WHAT THE TASK ASKS: Could you give back exactly the lines below from the one with "Videri Home Festive" through the one with "Montpellier, France- July", without a single picture?

DATA:
━━━━━━

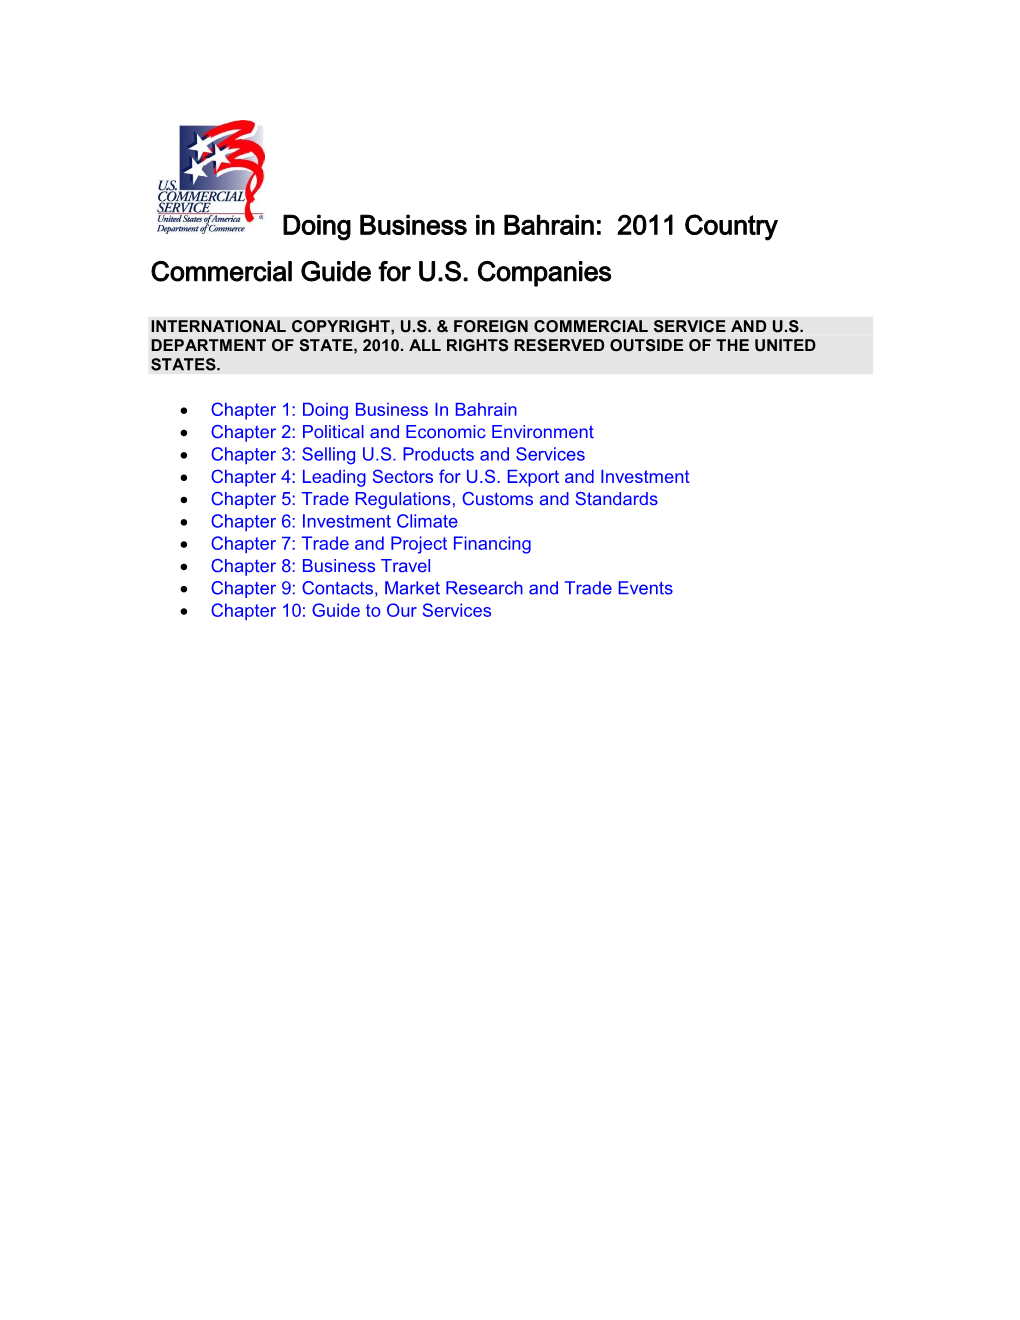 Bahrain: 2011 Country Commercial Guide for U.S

━━━━━━

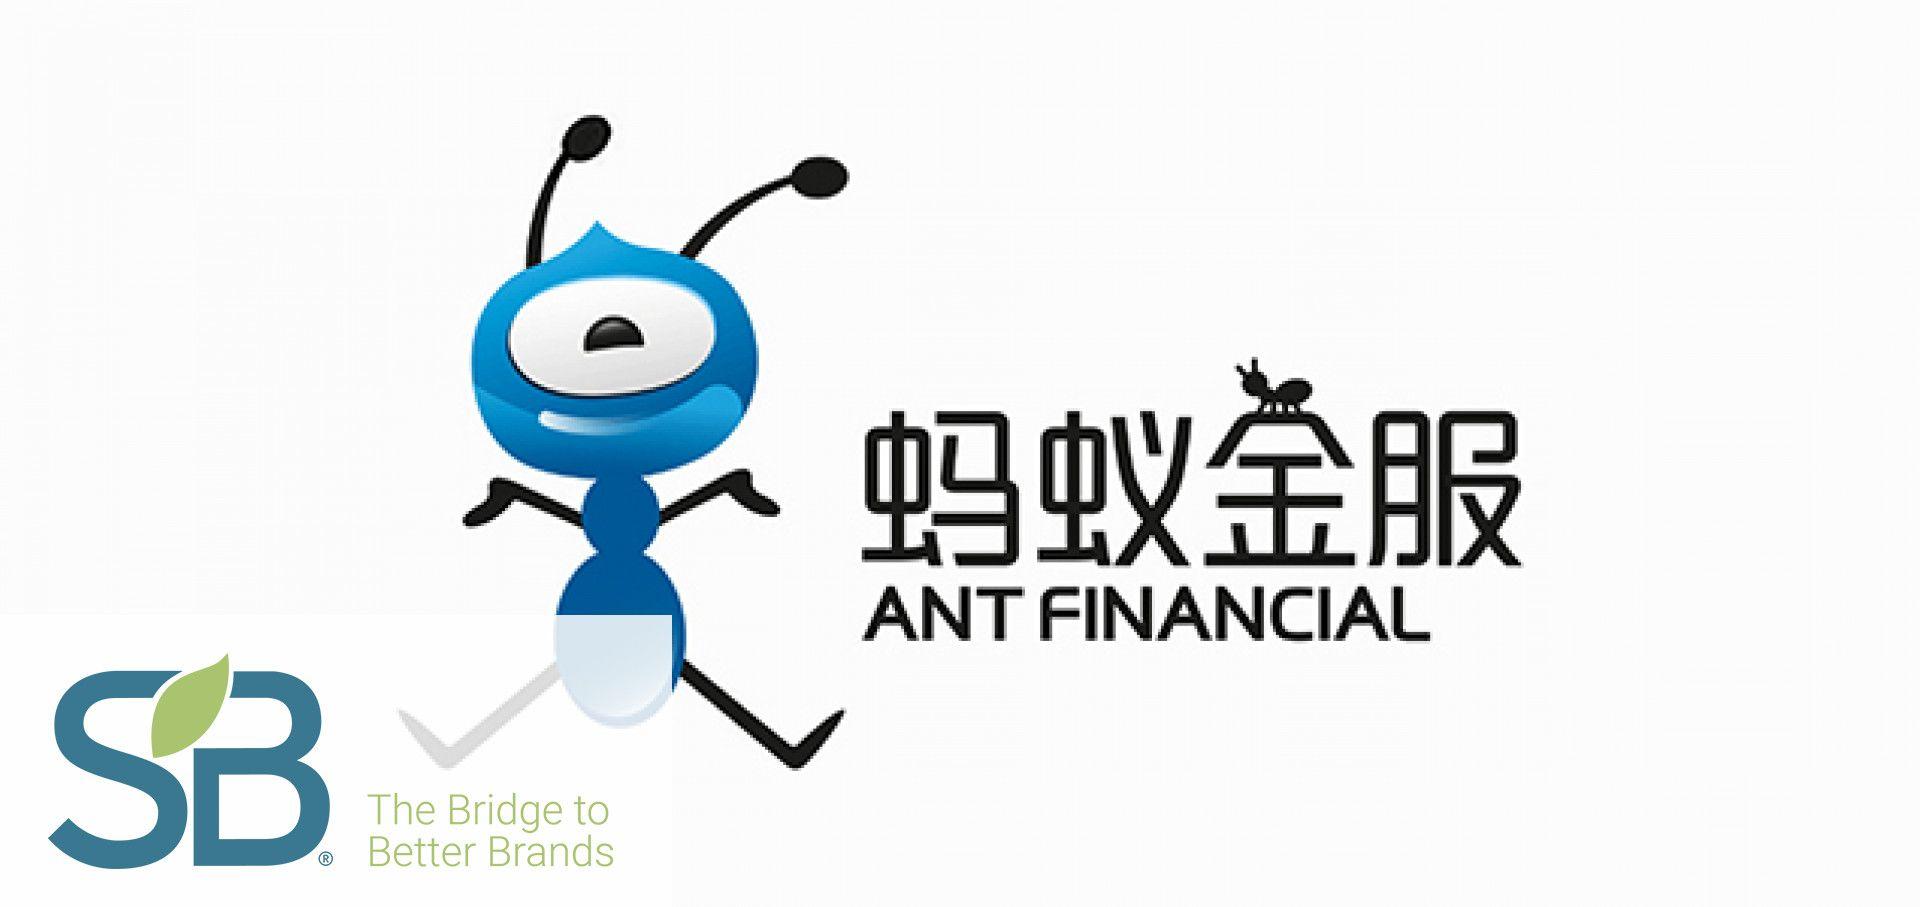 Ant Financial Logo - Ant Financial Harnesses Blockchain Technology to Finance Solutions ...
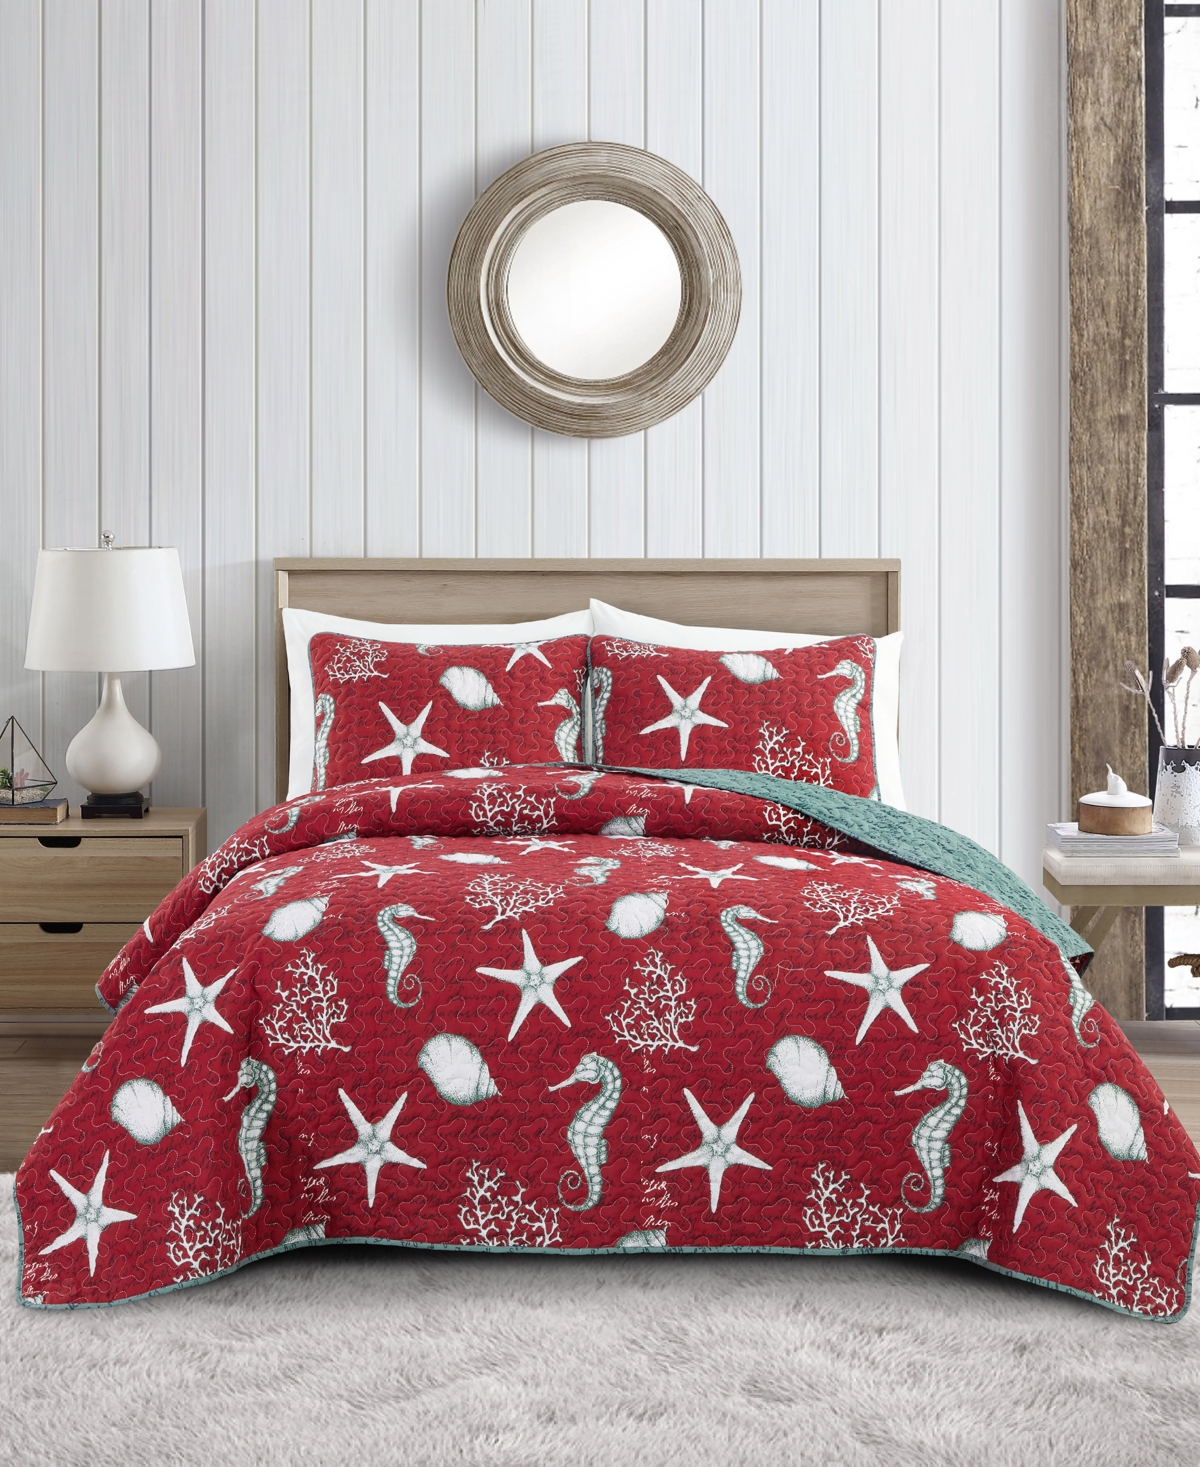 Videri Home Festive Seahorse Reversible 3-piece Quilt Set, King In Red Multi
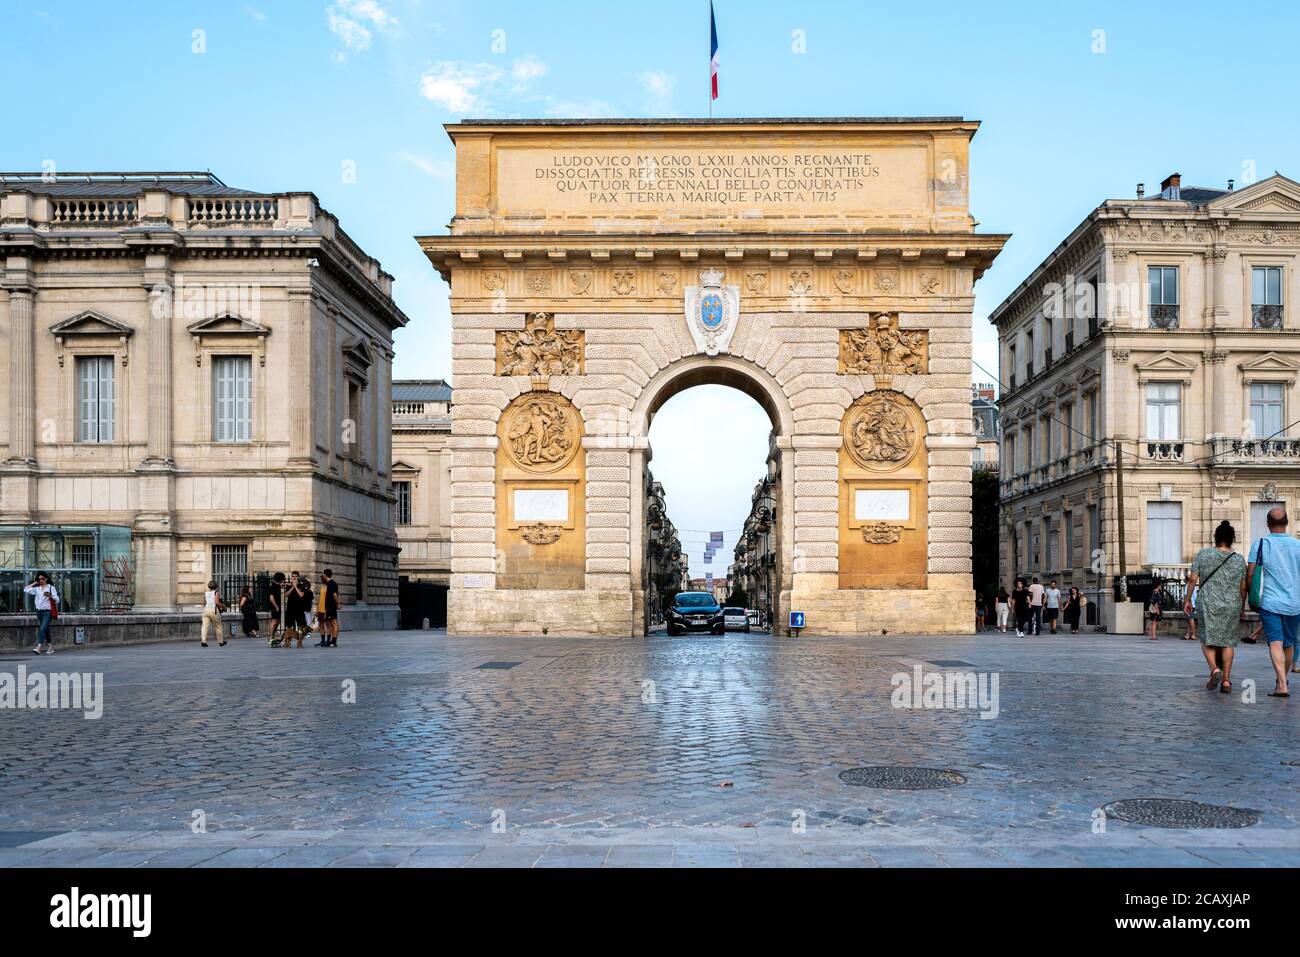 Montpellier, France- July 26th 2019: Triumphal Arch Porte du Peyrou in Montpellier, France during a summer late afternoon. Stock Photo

━━━━━━

TASK ANSWER:
 Videri Home Festive Seahorse Reversible 3-piece Quilt Set, King In Red Multi
 Montpellier, France- July 26th 2019: Triumphal Arch Porte du Peyrou in Montpellier, France during a summer late afternoon. Stock Photo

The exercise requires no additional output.